Дорога на самом деле была черной от пепла, как и вся тундра в округе, и
за мотоциклом низко стелился длинный черный шлейф. Только теперь я оценил
практичность черной униформы: если присмотреться, то станет заметно, что
она не "черная-пречерная", а с серым оттенком, и пепел на ней
почти не виден и хорошо с нее отряхивается.
Мы въехали в черный-черный город, на черных-черных улицах которого тесно
лепились один к другому одноэтажные черные-черные дома, своей формой действительно
напоминавшие бараки. Перед нами медленно полз черный-черный бульдозер.
Игор резко вырулил на встречную полосу, обгоняя его, и тут же метнулся
обратно: нам навстречу лоб в лоб несся черный самосвал. Спинным мозгом
я ощутил быстро надвигающиеся на нас несколько тонн железа. Под яростные
гудки бульдозера и самосвала наш мотоцикл впритирку протиснулся между ними
- с моей стороны раздался скрежет и посыпались искры. Игор взволнованно
обернулся и, чуть отъехав, затормозил. Проезжающий мимо бульдозерист густо
осыпал нас отборным матом, отчетливо слышным даже через лязг гусениц. Лина
шутя закрыла Игору руками уши.
- Ты жив? - спросил меня Игор.
- Все в порядке, - ответил я.
- А что ему будет, он же вечный! - рассмеялась Лина.
Игор слез и подошел к коляске рассмотреть царапину.
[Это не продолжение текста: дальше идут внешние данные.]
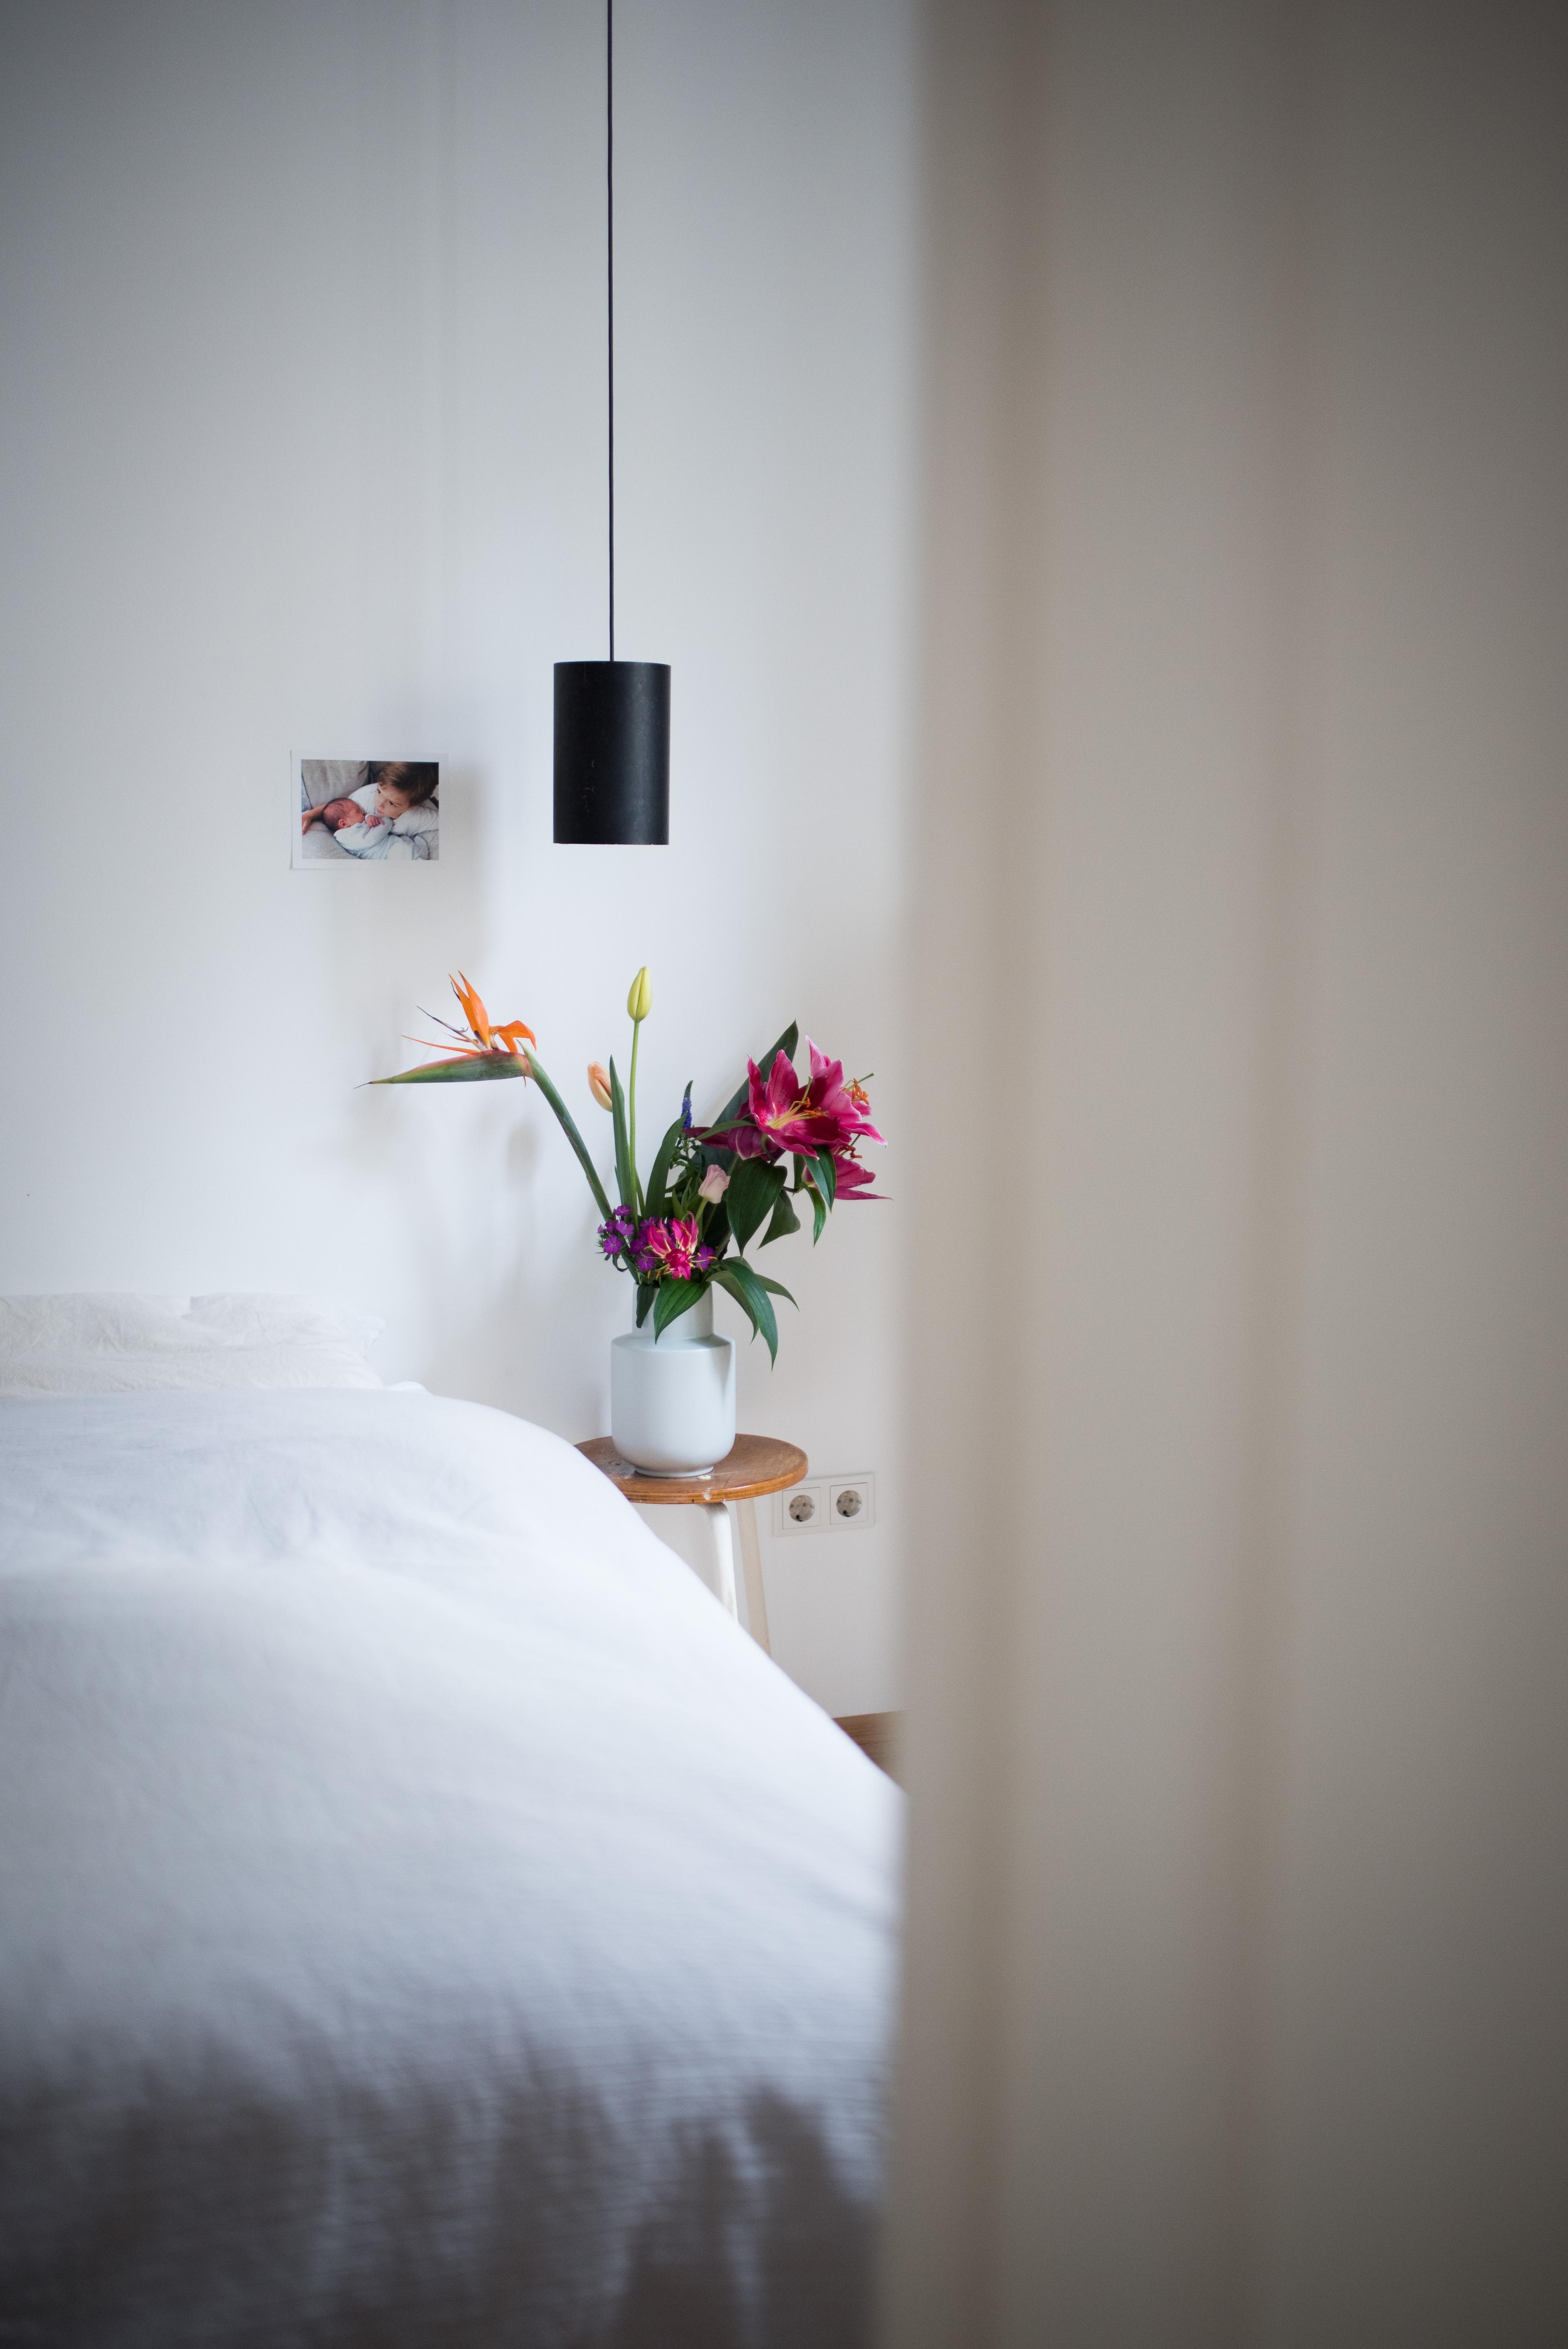 Sonniger Einblick ins Schlafzimmer #interiorinspo #bedroom #schlafzimmer #flowers #vintage
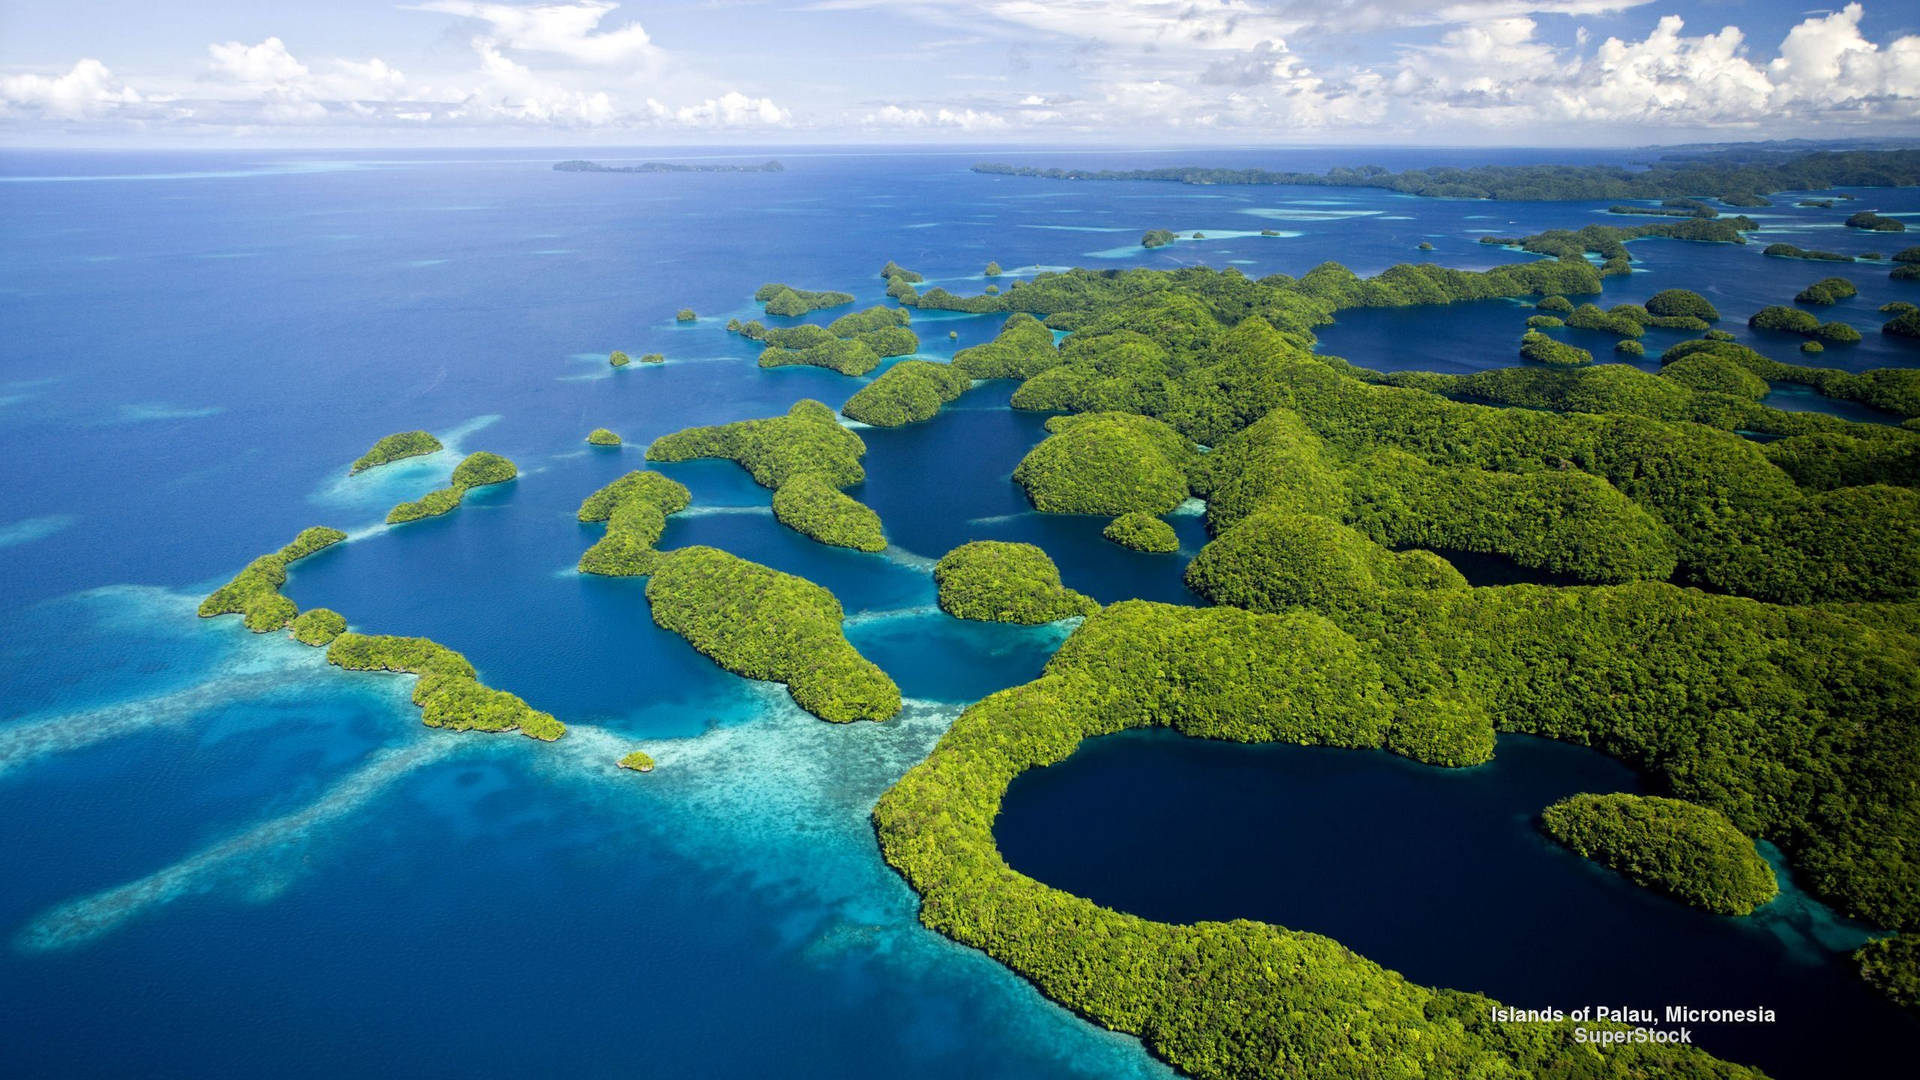 Palau Micronesia Islands

- Я попрошу своего механика - он все замажет и закрасит в лучшем виде,
- пообещал он.
- Да, а вот мотоцикл - не вечный! - еще больше развеселилась Лина.
Мотоцикл - черт с ним, а вот если бы нам настал конец, было бы обидно.
Как ни прискорбно, вечные люди тоже в некоторых случаях смертны. И если
бы нас перехал самосвал... Хотя, это был бы красивый конец для моей повести:
трое старых друзей, связанных в прошлом запутанными отношениями, встречаются
после четырнадцати лет разлуки, радуются встрече и легко умирают случайной
смертью, чтобы вместе отправиться на небеса. Я, может быть, успел бы надиктовать
на записыватель мыслей эффектную концовку: "Истекая кровью, с перебитыми
ногами, Вальт из последних сил подполз к умирающим Лине и Игору, взял их
судорожно дрожащие руки и соединил в своей руке. Все трое умерли в одну
и ту же секунду..." Но это, конечно, при том условии, что самосвал
не проехал бы по моей голове.
Да, кстати, а найдут ли в случае моей внезапной смерти вшитый под скальп
записыватель? Надо на всякий случай носить бумажную записку в кармане,
мол, будьте добры, поищите в двух сантиметрах над левым ухом. Нет, что
ни говори, а ЗМ - гениальная приставка для мозга. Мозгу свойственно стирать
информацию, которая долгое время не вызывается из памяти, а если она и
сохраняется, то зачастую - в сильно искаженном виде. В ЗМ - все надежно,
как в банке. Ничто не пропадет. К тому же, всегда можно подключиться к
компьютеру и обменяться с ним информацией, распечатать свои мысли и т.д.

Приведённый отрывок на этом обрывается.